Le coût humain est le premier poste de dépenses. Il faut mettre des personnes compétentes sur le projet, notamment des data scientists. Cela prend plus de temps que d'utiliser uniquement une plateforme tierce. Il y a un coût technique aussi, autour du stockage et du cloud. Cependant, nous pensons rentabiliser cet investissement très vite. Nous ne pouvons pas encore communiquer au marché notre ROI, mais nous sommes très satisfaits des premiers résultats. Nous avons fortement amélioré nos performances de vente.

Quelles sont les prochaines étapes de ce développement ?

Actuellement, nous comparons nos anciens algorithmes par rapport à nos nouveaux algos auto-apprenants.
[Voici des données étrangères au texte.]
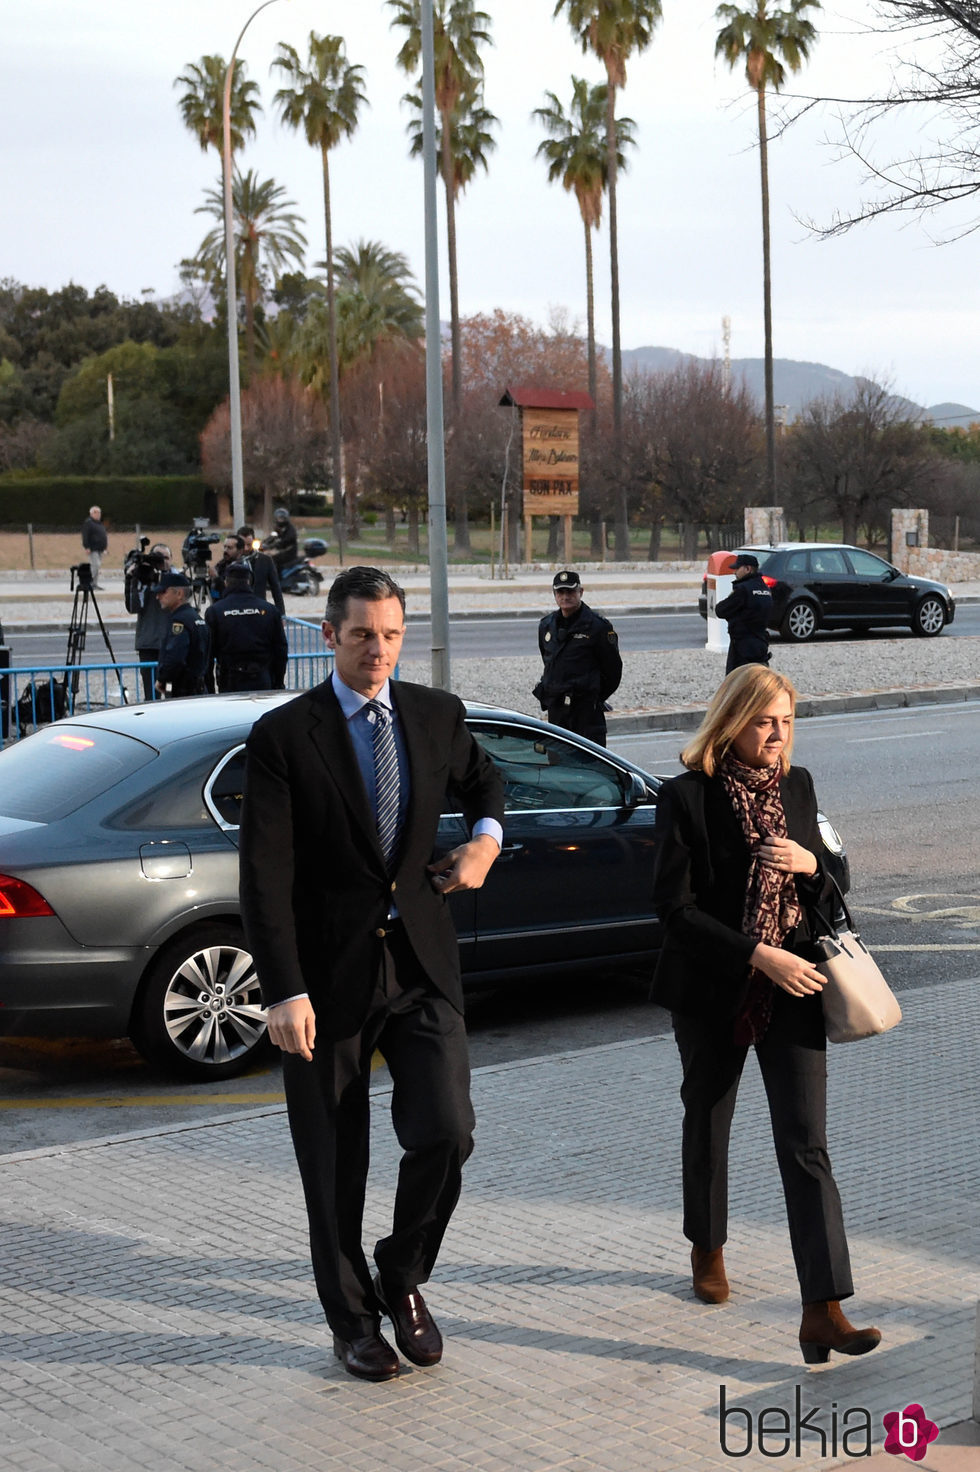 La Infanta Cristina e Iñaki Urdangarín al salir del coche para entrar en el juicio por el Caso Nóos

Nous mesurons le gain généré via de l'AB testing. Ensuite, nous les déploierons progressivement sur tous nos sites en France, à la Fnac.com, puis sur Darty.com. Ensuite, ce sera l'internationalisation avec la Fnac Suisse, Espagne, Portugal… En 2019, tous nos sites utiliseront ces algorithmes. Par ailleurs, nous travaillons à leur amélioration : tests en permanence, création de parcours de ventes croisées avec les garanties d'assurances par exemple… Nous souhaitons être très innovants sur les ventes croisées (cross selling), mais également amener cette recommandation dans nos centres d'appels (call center) et dans nos magasins.

François Ozanne est directeur web et UX chez Fnac Darty, où il s'occupe notamment de l'expérience utilisateur, des équipe data , du contenu ou encore du SEO, ainsi que des sites internationaux. Il travaille à la Fnac depuis treize ans. Il est diplômé de la Neoma business school.